The more tricky jump is the one the takes the C++ code, and wishes to turn it into an R package. Interfacing between programming languages is no easy task, but luckily, a package called “Rcpp” exists which helps to deal with a lot of the “boiler plate code” (technical gibberish to mere mortals like us) that is necessary for using the languages together. The core process of building the package is then made quite easy: simply build the package skeleton, drop the C++ source code in the right folder, and then have R build the package for you. Simple! However, this ignores the fact that it’s not so easy to take R data and shove it straight into a C++ function. In fact, we lack some of the commonality of data structures between Python and C++ as mentioned earlier, specifically with “unordered maps”. These are data structures which allow you to input a “key”, and returns a “value”. In the case of the stable marriage problem, we used these maps to represent the preference tables; the “key” was the name of a person, and the “value” was the ordered list of people to whom they were attracted. R, however, does not directly have the ability to create such a structure, and certainly not in a way that can be easily passed to C++, which is far more strict about the “types” of an object that it is dealing with. Instead, we had to make do with an R representation of preference tables that could also be passed to C++ (we used named lists of vectors of names), and also add additional C++ code to convert this back into the unordered map representation. However, with all of that dealt with, we were left with a functioning R package written in C++, and hosted on GitHub for all to use. Additionally, this included some documentation about version numbers and how to use the provided functions, helping to meet some of those five R’s.

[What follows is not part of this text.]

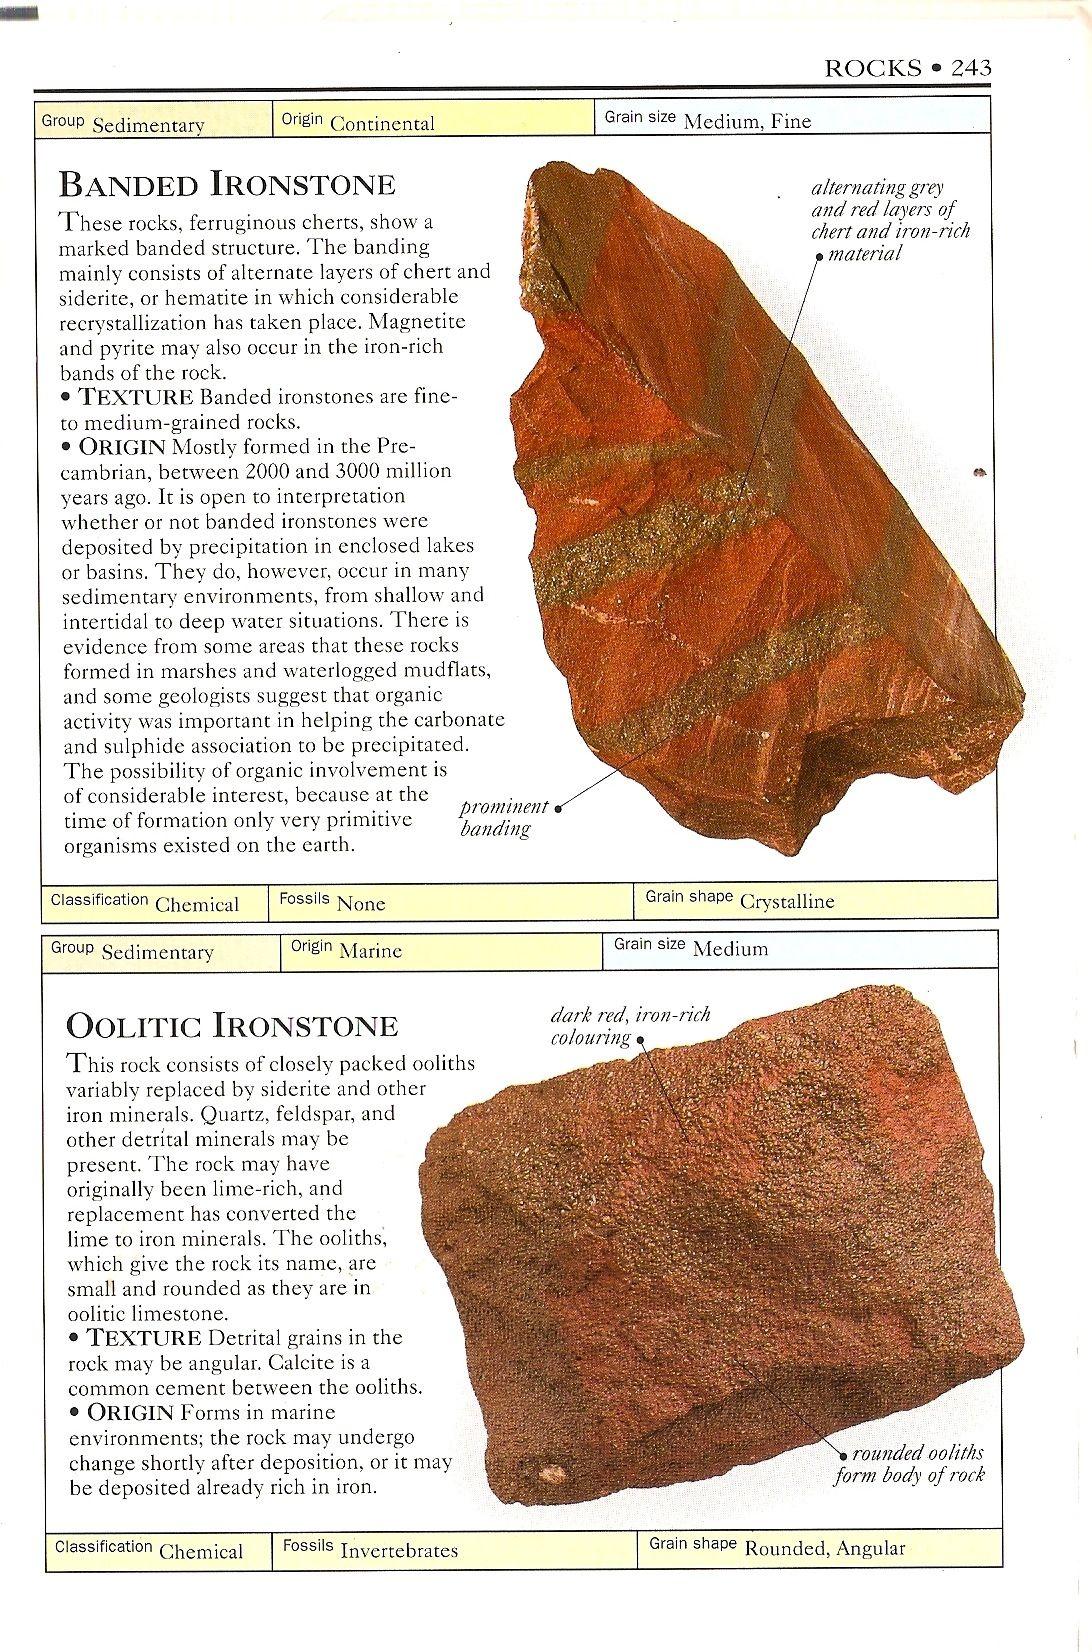 Ironstone Gypsum Crystal Rocks And Gems Rocks And Crystals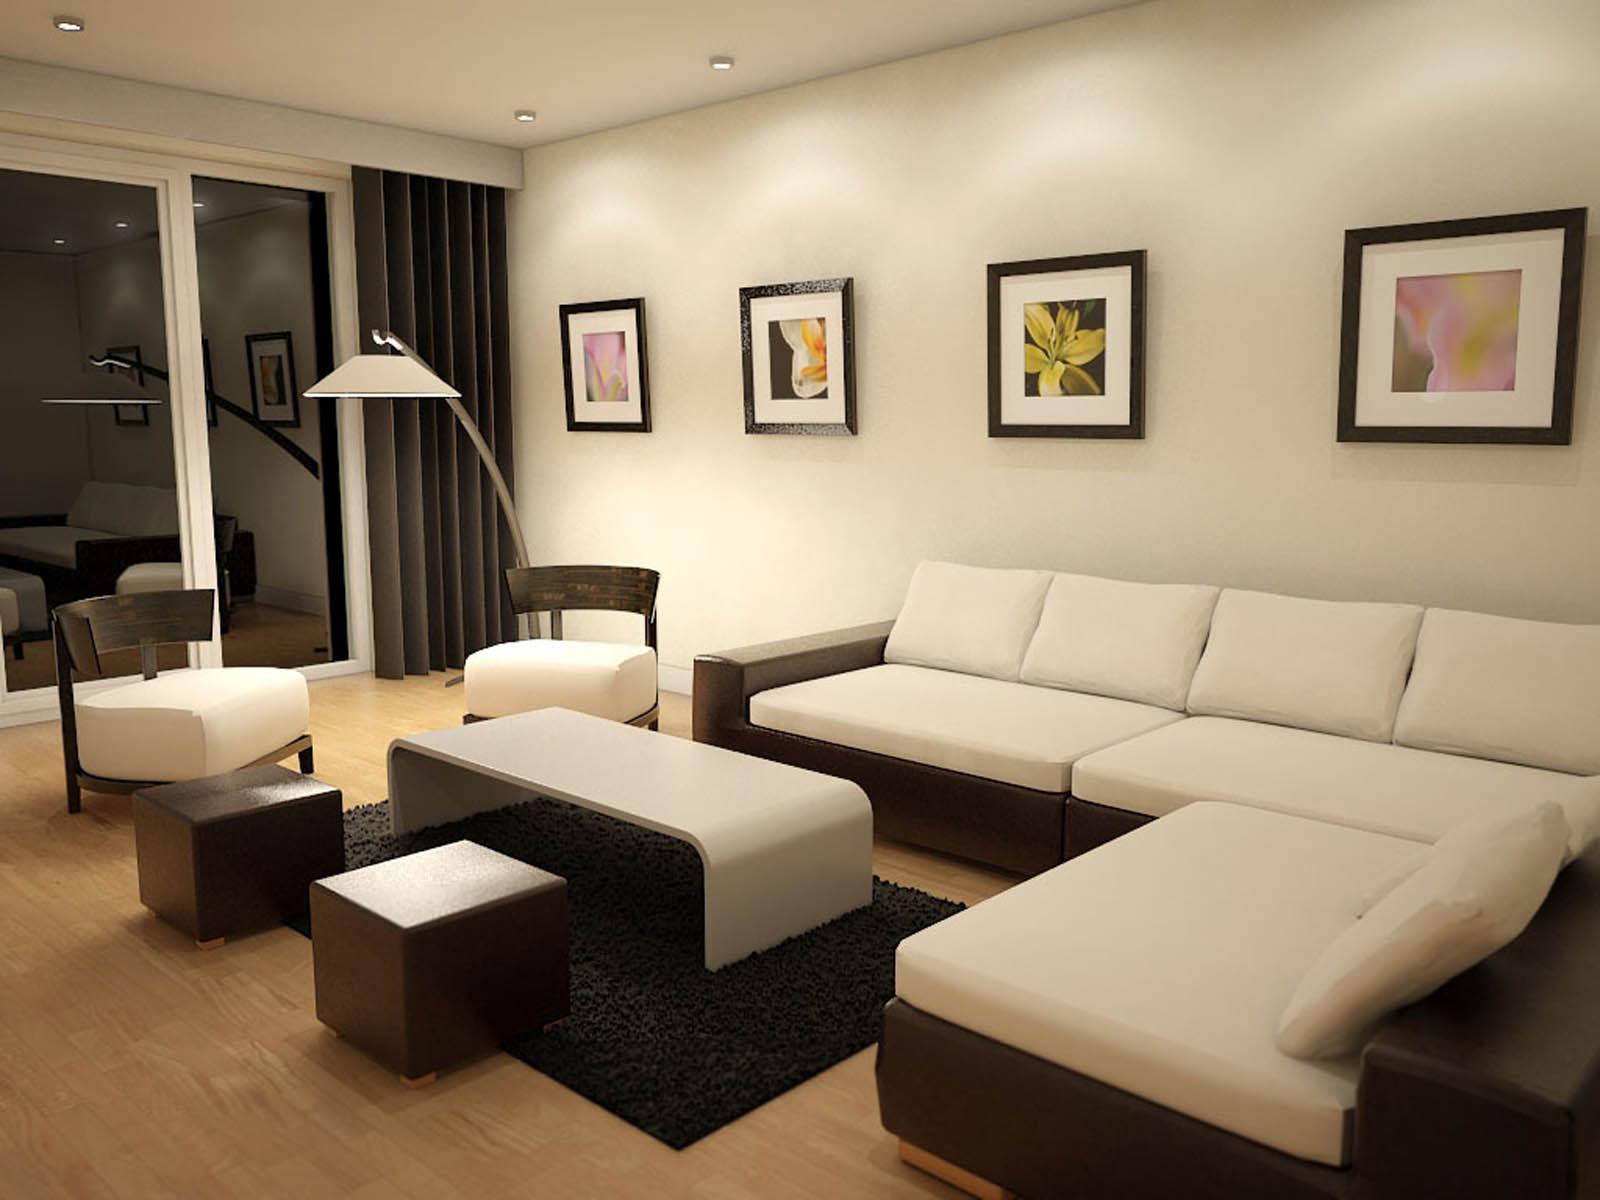 Keywords Modern Living Room Photos Wallpapers Desktop Backgrounds

And with that, the MRes can take you from somebody who dabbled a bit in R here and there, into a person who can write R packages in C++ for all to use. In research, academic or otherwise, this is a very useful skill that allows you to provide facilities to other researchers to both verify your work and build upon it. It’s worth reiterating that you don’t always need to do all of this. In fact, my results found that the Python and Rcpp versions of the same algorithm performed about as well, despite the latter primarily being written in a (generally) faster language. Indeed, the scale of the problem isn’t too immense, so it isn’t massively surprising. The use of C++ would give better results for far more demanding tasks such as simulation, but here we simply dealt with a relatively simple algorithm and a few built-in data structures. This is about choosing the right tool for the job. A simple bit of data analysis, a few plots, or a trial run of a new method on a small set of test data may as well be done in the language you’re most familiar with. The time spent writing and debugging the same thing in a faster language may be overkill or a waste of time for a slight increase in performance. On the other hand, if you need something to scale up well, and you and other people are going to be using it often, it may be worth getting your hands dirty with some C++.